Ночью Орасио спал один. Так как овцы начали давать мало молока и, следовательно, уменьшилось количество сыра, Тонио пришел только к вечеру следующего дня. Он не выказывал никакого озлобления по поводу отказа Орасио, наоборот, был еще более разговорчивым и приветливым, чем прежде. Тонио стал приходить раз в несколько дней, чередуясь с Леандро. В последний день месяца он, как только пришел, вытащил из кармана какие-то деньги и сказал:
— Вот твое жалованье. Отец прибавил тебе десять мильрейсов. И велел сказать: если не хочешь, чтобы он удерживал что-нибудь в счет долга, то он не настаивает…
Орасио посмотрел на Тонио, но денег не взял. Потом отвел взор.
— Хочу! Хочу, чтобы с меня был удержан весь долг. И поблагодари своего отца. Меня прибавкой жалованья не купить… Если я до сих пор не стоил больше, не стою и сейчас…
Его слова обеспокоили Тонио.
— Всегда ты выдумываешь! Я уже тебе сказал, что отец не имеет ничего общего с тем делом и, помимо всего прочего, от этого вообще уже отказались…
Овцы перестали давать молоко. Однажды утром Тонио погрузил на осла ставшие теперь ненужными формы для сыра и простился с Орасио до следующей недели.

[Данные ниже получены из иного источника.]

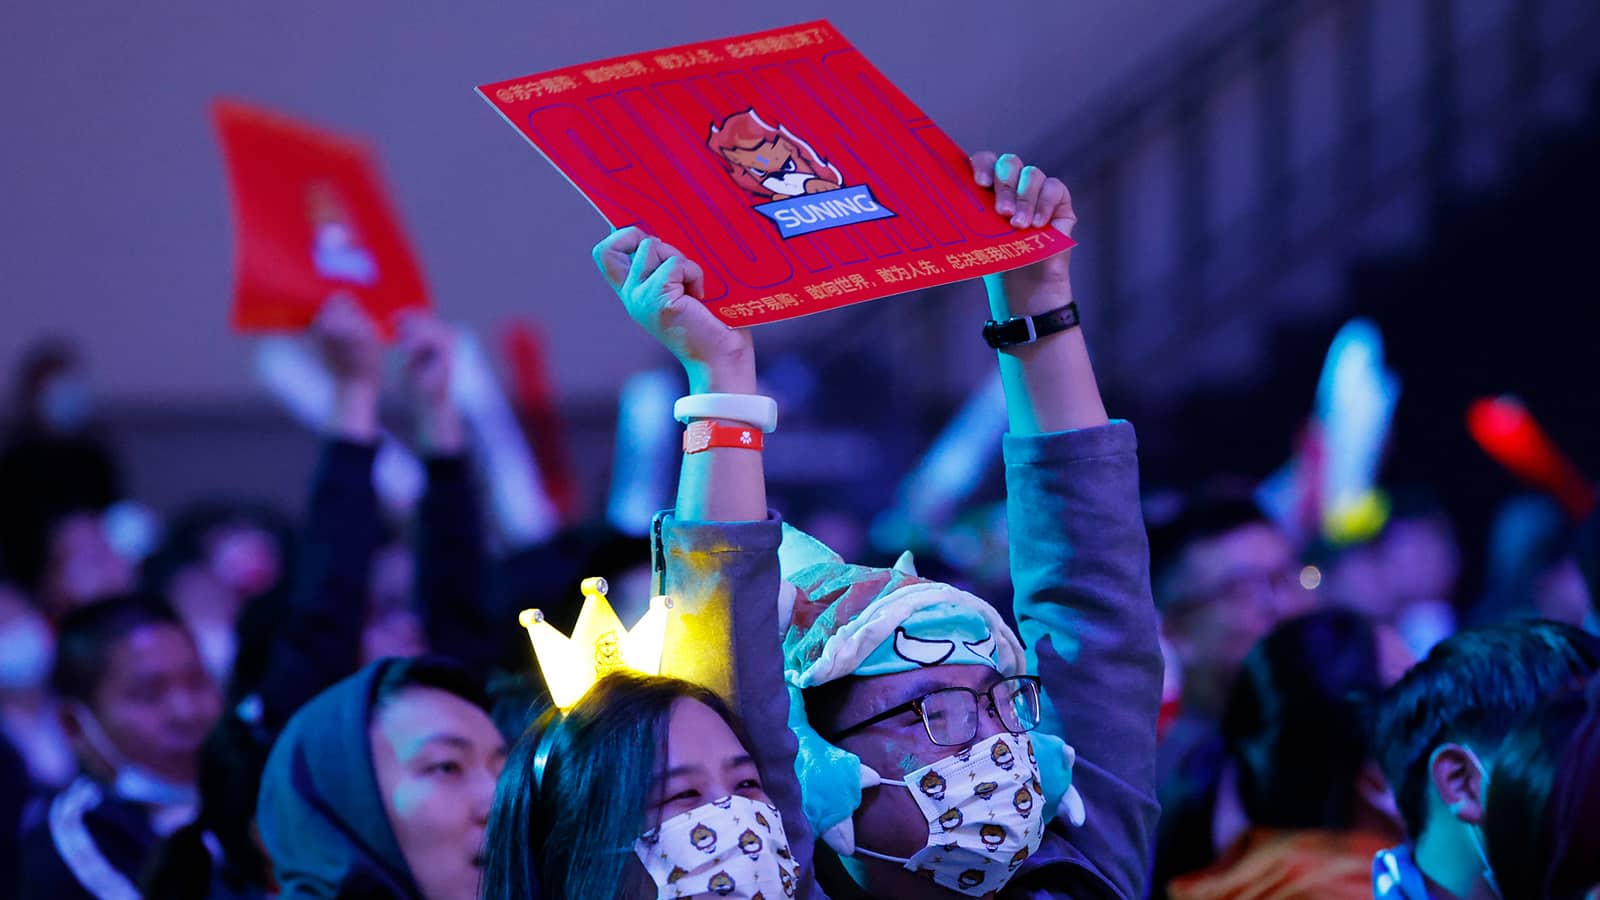 Suning fan holding sign at League of Legends World Championship 2021

Как и во все годы, стада в восемьдесят, девяносто, сто голов на этот период объединялись в более крупные — по тысяче и больше. У каждой овцы на спине была метка хозяина — буква или цифра, оттиснутая смолой или краской с помощью специального клейма. Такое большое стадо сопровождали всего два пастуха, тогда как раньше для присмотра за теми же овцами требовалось десять-двенадцать человек.

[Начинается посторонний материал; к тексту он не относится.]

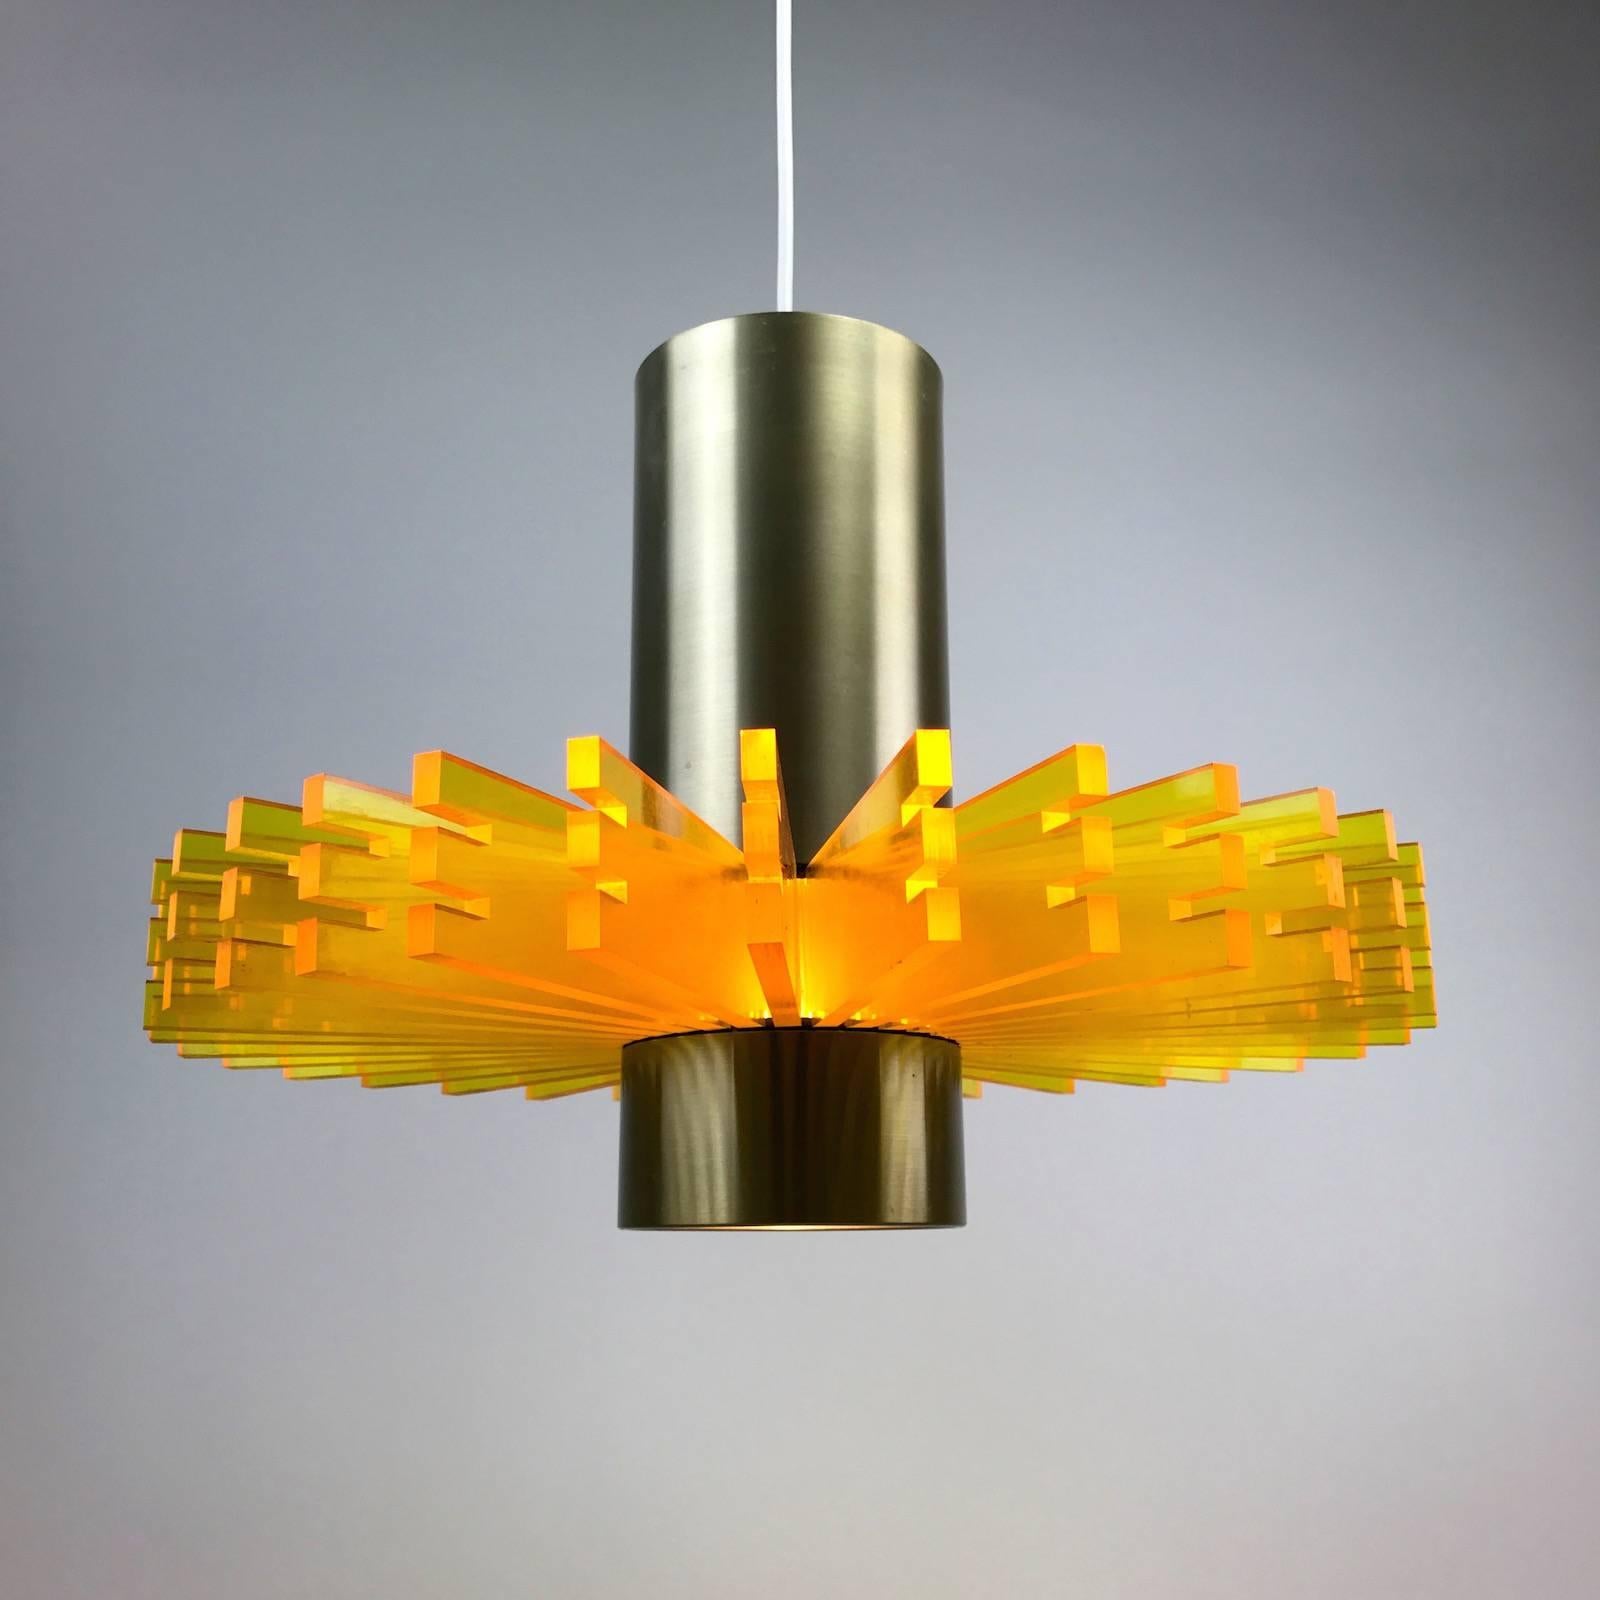 Mid-20th Century Danish Symphonie Ceiling Light by Claus Bolby for CEBO

Валадарес из-за старой распри с другими скотоводами не хотел объединять с ними свое стадо…
Теперь Орасио еще острее чувствовал свое одиночество, так как почти не встречал других пастухов. Тонио стал приходить только по субботам, привозя на осле хлеб, картофель и сало. Он передавал продукты, несколько минут болтал о том о сем и тут же уходил обратно в Мантейгас. Орасио как-то попросил Тонио зайти к нему домой и сказать матери, чтобы та прислала ему свирель. Но, когда на следующей неделе Тонио принес ее, Орасио вспомнил, что Шико да Левада взялся за свирель, тщетно пытаясь забыться после смерти жены, — и не стал играть. Он подумал, что свирель может накликать беду.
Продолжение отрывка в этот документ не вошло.